Trump slaps 100% tariffs on branded drugs; how India could be affected?
PTC Web Desk: US President Donald Trump on Thursday announced steep new tariffs on pharmaceutical imports, declaring that branded and patented drugs entering America will face duties of up to 100 per cent starting October 1, 2025.
In a post on Truth Social, Donald Trump said the tariffs would not apply to companies that had begun building or were in the process of constructing manufacturing plants in the United States. “IS BUILDING will be defined as ‘breaking ground’ and/or ‘under construction.’ There will, therefore, be no tariff on these pharmaceutical products if construction has started,” he wrote.
The decision extends US President Trump’s tariff drive beyond earlier measures announced in August, which focused on trade frameworks and consumer goods. He defended the move by linking it to domestic manufacturing goals and the need to address the federal budget deficit.
Alongside the pharmaceutical duties, Donald Trump unveiled additional tariffs, 50 per cent on kitchen cabinets and bathroom vanities, 30 per cent on upholstered furniture, and 25 per cent on heavy trucks. He also cited “national security and other reasons” as justification, though without specifying a legal basis.
How India could be affected
The United States is India’s largest export market for pharmaceutical goods.
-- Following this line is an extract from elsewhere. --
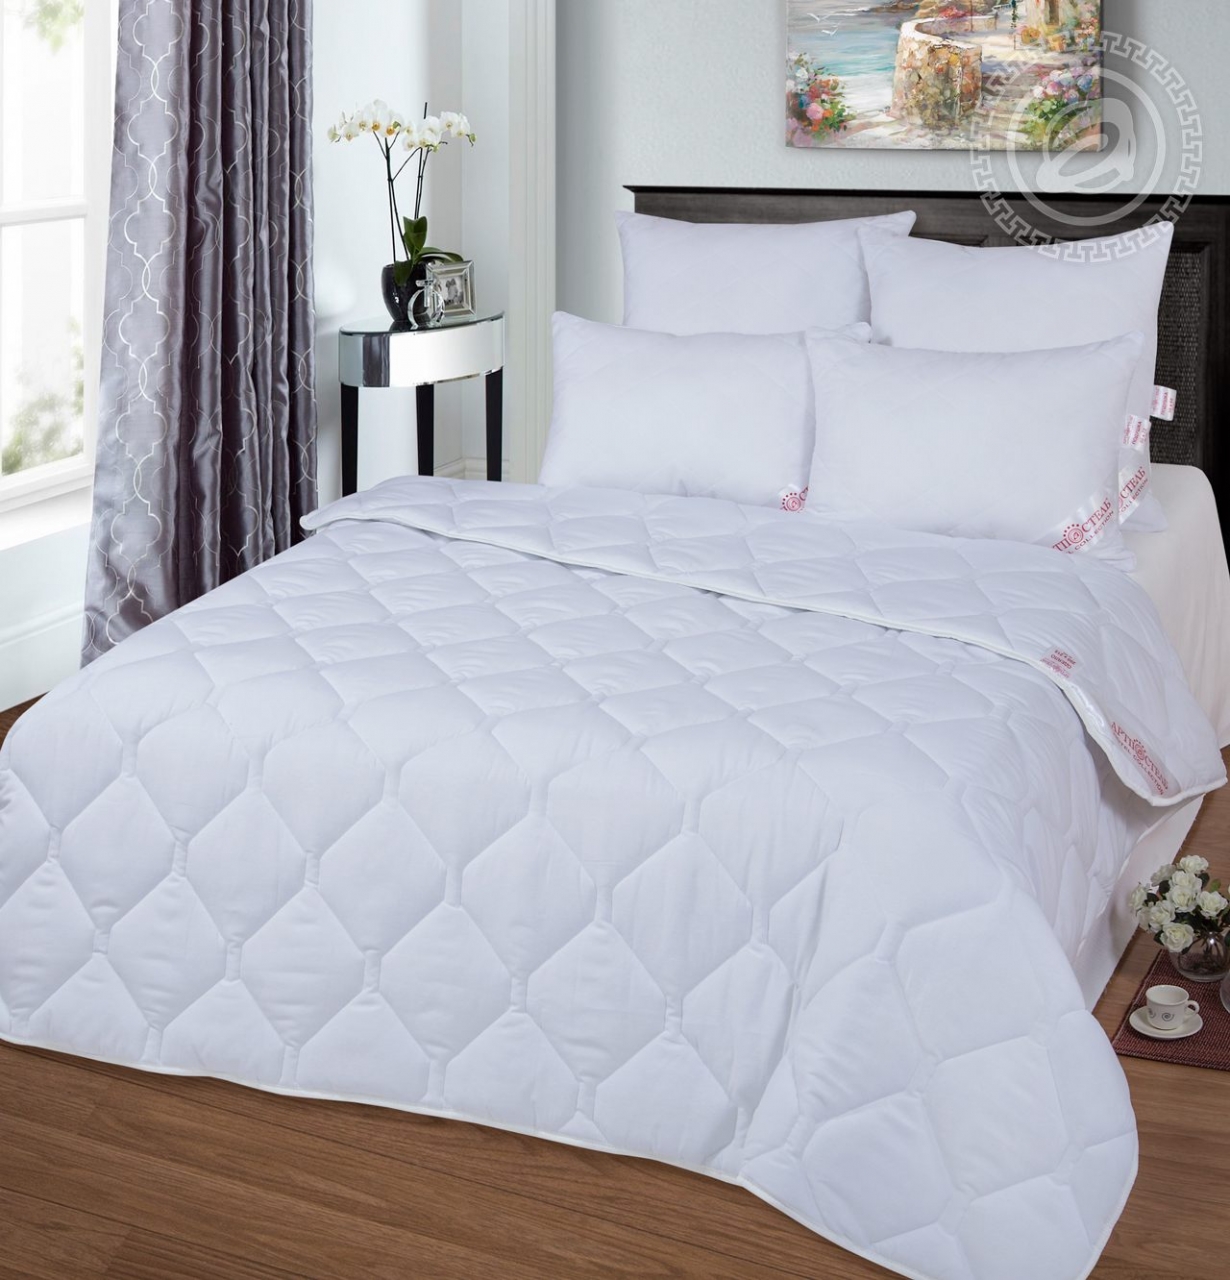 Одеяло Norman (140х205 см), размер 140х205 см, цвет белый atp465931 Одеяло Norman (140х205 см) - фото 1

According to the Pharmaceuticals Export Promotion Council of India, out of India’s $27.9 billion pharma exports in FY24, about 31 per cent—or $8.7 billion
(Rs 77,138 crore)—went to the US. In the first half of 2025 alone, India shipped another $3.7 billion (Rs 32,505 crore) worth of pharma products to American markets.
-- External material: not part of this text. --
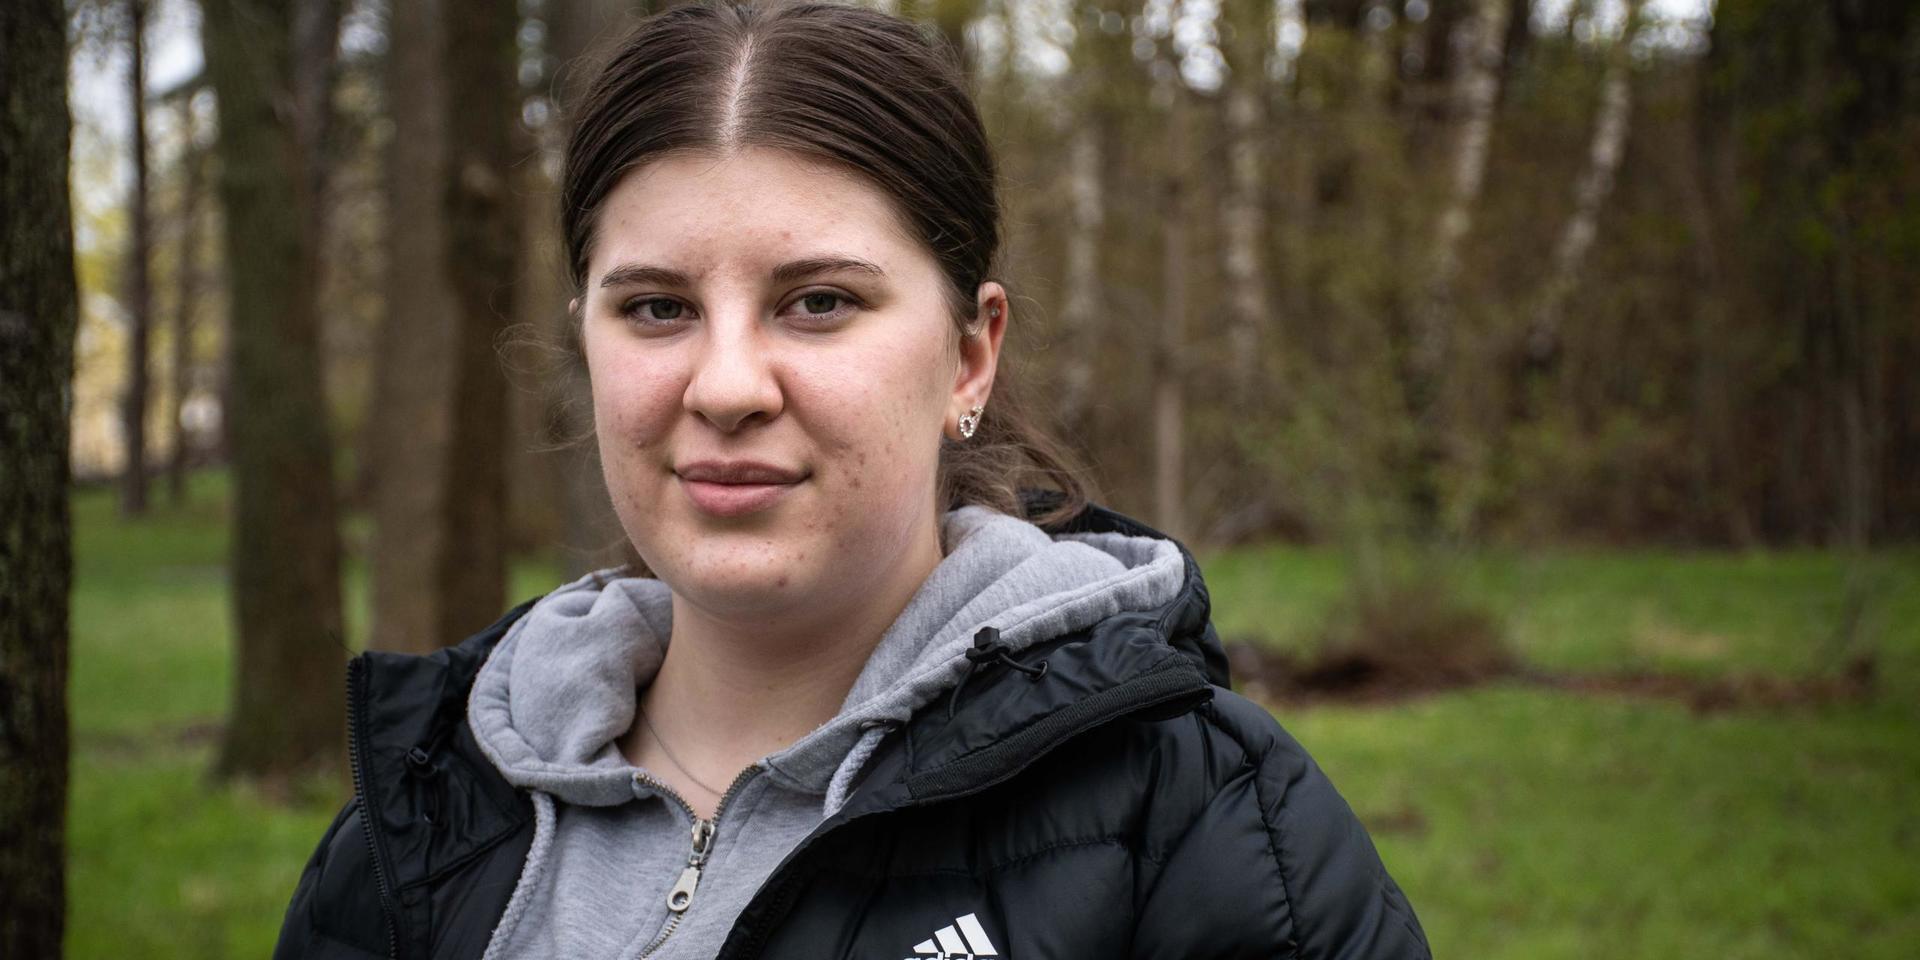 Amanda Gjinaj jobbade sin sista dag på Mölndals sjukhus i söndags. Det intensiva trycket med pandemin gjorde att hon fick välja mellan jobbet eller att gå in i väggen.

India supplies nearly 45 per cent of generic drugs and 15 per cent of biosimilars used in the US. Major firms such as Dr Reddy’s, Aurobindo Pharma, Zydus Lifesciences, Sun Pharma, and Gland Pharma earn 30–50 per cent of their revenues from the American market.
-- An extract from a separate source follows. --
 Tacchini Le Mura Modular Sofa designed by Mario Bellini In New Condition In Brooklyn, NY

While the new tariffs are directed primarily at branded and patented drugs, uncertainty remains over whether complex generics and speciality medicines exported from India will also fall under scrutiny. Many Indian pharmaceutical companies already operate manufacturing units in the US, which could provide partial relief.
Analysts warn that higher tariffs could fuel drug shortages, raise healthcare costs, and trigger inflationary pressures in the US, given the country’s reliance on affordable Indian generics. For Indian drugmakers—already operating with thin profit margins in the American generics space—the impact could be severe if duties extend to their products. Companies may ultimately pass on the higher costs to US consumers or insurers.
Trump has earlier announced tariffs on several categories of Indian imports, including a 25 per cent penalty related to India’s continued oil purchases from Russia.